Recorded information Start Marker

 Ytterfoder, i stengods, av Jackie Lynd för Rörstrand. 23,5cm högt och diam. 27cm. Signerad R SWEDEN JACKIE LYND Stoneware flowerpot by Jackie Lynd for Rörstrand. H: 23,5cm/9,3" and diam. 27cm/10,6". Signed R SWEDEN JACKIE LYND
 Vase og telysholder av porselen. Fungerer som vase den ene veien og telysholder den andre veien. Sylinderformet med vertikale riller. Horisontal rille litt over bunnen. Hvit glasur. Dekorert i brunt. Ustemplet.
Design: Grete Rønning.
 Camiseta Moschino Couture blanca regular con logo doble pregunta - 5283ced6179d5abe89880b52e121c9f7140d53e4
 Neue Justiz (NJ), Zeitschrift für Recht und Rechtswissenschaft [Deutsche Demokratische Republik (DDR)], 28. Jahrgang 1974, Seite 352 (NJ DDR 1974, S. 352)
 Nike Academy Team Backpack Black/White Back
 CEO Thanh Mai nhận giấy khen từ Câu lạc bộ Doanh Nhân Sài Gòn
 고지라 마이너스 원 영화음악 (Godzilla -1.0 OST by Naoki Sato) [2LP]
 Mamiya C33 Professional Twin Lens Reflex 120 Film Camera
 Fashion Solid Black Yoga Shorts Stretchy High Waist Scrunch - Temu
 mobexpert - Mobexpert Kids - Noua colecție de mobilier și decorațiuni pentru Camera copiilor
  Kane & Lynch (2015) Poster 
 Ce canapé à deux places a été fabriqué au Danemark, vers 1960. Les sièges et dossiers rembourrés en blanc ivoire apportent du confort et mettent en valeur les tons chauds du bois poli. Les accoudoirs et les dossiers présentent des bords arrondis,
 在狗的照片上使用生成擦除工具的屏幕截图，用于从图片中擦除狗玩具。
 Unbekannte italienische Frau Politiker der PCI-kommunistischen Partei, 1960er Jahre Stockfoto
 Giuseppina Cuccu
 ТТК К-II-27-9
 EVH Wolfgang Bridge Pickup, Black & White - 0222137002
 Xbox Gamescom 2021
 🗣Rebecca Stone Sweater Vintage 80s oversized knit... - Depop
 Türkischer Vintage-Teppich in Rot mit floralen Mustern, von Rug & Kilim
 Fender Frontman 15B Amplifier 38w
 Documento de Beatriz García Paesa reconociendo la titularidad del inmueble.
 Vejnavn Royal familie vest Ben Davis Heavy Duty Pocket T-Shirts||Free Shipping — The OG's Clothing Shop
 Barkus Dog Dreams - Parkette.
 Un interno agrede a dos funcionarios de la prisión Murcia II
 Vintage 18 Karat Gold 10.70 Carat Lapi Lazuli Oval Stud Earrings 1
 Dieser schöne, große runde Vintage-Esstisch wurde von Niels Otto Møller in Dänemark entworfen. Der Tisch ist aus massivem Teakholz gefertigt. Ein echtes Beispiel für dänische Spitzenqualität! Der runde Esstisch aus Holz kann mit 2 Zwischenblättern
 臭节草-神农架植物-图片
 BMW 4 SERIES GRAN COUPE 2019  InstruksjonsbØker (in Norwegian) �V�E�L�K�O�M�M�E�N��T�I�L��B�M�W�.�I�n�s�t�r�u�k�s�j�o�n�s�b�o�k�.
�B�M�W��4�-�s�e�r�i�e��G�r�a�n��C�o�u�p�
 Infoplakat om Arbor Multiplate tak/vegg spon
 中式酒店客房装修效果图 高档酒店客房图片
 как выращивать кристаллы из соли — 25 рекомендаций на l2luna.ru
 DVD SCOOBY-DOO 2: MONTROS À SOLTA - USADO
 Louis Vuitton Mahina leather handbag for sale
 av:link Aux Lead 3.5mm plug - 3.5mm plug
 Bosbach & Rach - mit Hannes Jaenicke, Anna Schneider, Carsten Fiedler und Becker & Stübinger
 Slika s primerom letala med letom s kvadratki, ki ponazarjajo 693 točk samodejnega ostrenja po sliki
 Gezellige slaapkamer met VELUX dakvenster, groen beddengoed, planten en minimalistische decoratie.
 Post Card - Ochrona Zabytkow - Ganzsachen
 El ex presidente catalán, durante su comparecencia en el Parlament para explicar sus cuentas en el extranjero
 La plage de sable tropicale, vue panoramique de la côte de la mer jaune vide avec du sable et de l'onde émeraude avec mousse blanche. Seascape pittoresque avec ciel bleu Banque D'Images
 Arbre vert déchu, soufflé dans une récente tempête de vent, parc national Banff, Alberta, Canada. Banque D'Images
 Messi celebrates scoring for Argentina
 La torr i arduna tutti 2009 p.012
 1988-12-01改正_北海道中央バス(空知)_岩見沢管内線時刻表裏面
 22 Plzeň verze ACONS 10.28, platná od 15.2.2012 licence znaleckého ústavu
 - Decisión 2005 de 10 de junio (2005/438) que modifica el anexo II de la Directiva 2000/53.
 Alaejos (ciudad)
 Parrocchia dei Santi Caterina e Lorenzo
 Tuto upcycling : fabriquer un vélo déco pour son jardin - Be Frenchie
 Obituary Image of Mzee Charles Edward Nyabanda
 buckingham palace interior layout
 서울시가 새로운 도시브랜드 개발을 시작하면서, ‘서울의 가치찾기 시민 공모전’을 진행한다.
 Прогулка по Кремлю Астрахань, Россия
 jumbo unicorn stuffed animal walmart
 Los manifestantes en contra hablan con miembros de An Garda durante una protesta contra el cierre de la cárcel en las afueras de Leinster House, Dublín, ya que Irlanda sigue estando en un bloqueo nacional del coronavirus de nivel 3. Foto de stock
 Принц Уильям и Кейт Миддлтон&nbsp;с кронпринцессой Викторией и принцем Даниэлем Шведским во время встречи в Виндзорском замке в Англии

Recorded information End Marker

▸ Work task
Starting at the line that contains "Vejnavn Royal familie" and stopping after the line that contains "Vintage 18 Karat", write out every line exactly as it appears above, and no other line.

▸ Solution to this exercise
 Vejnavn Royal familie vest Ben Davis Heavy Duty Pocket T-Shirts||Free Shipping — The OG's Clothing Shop
 Barkus Dog Dreams - Parkette.
 Un interno agrede a dos funcionarios de la prisión Murcia II
 Vintage 18 Karat Gold 10.70 Carat Lapi Lazuli Oval Stud Earrings 1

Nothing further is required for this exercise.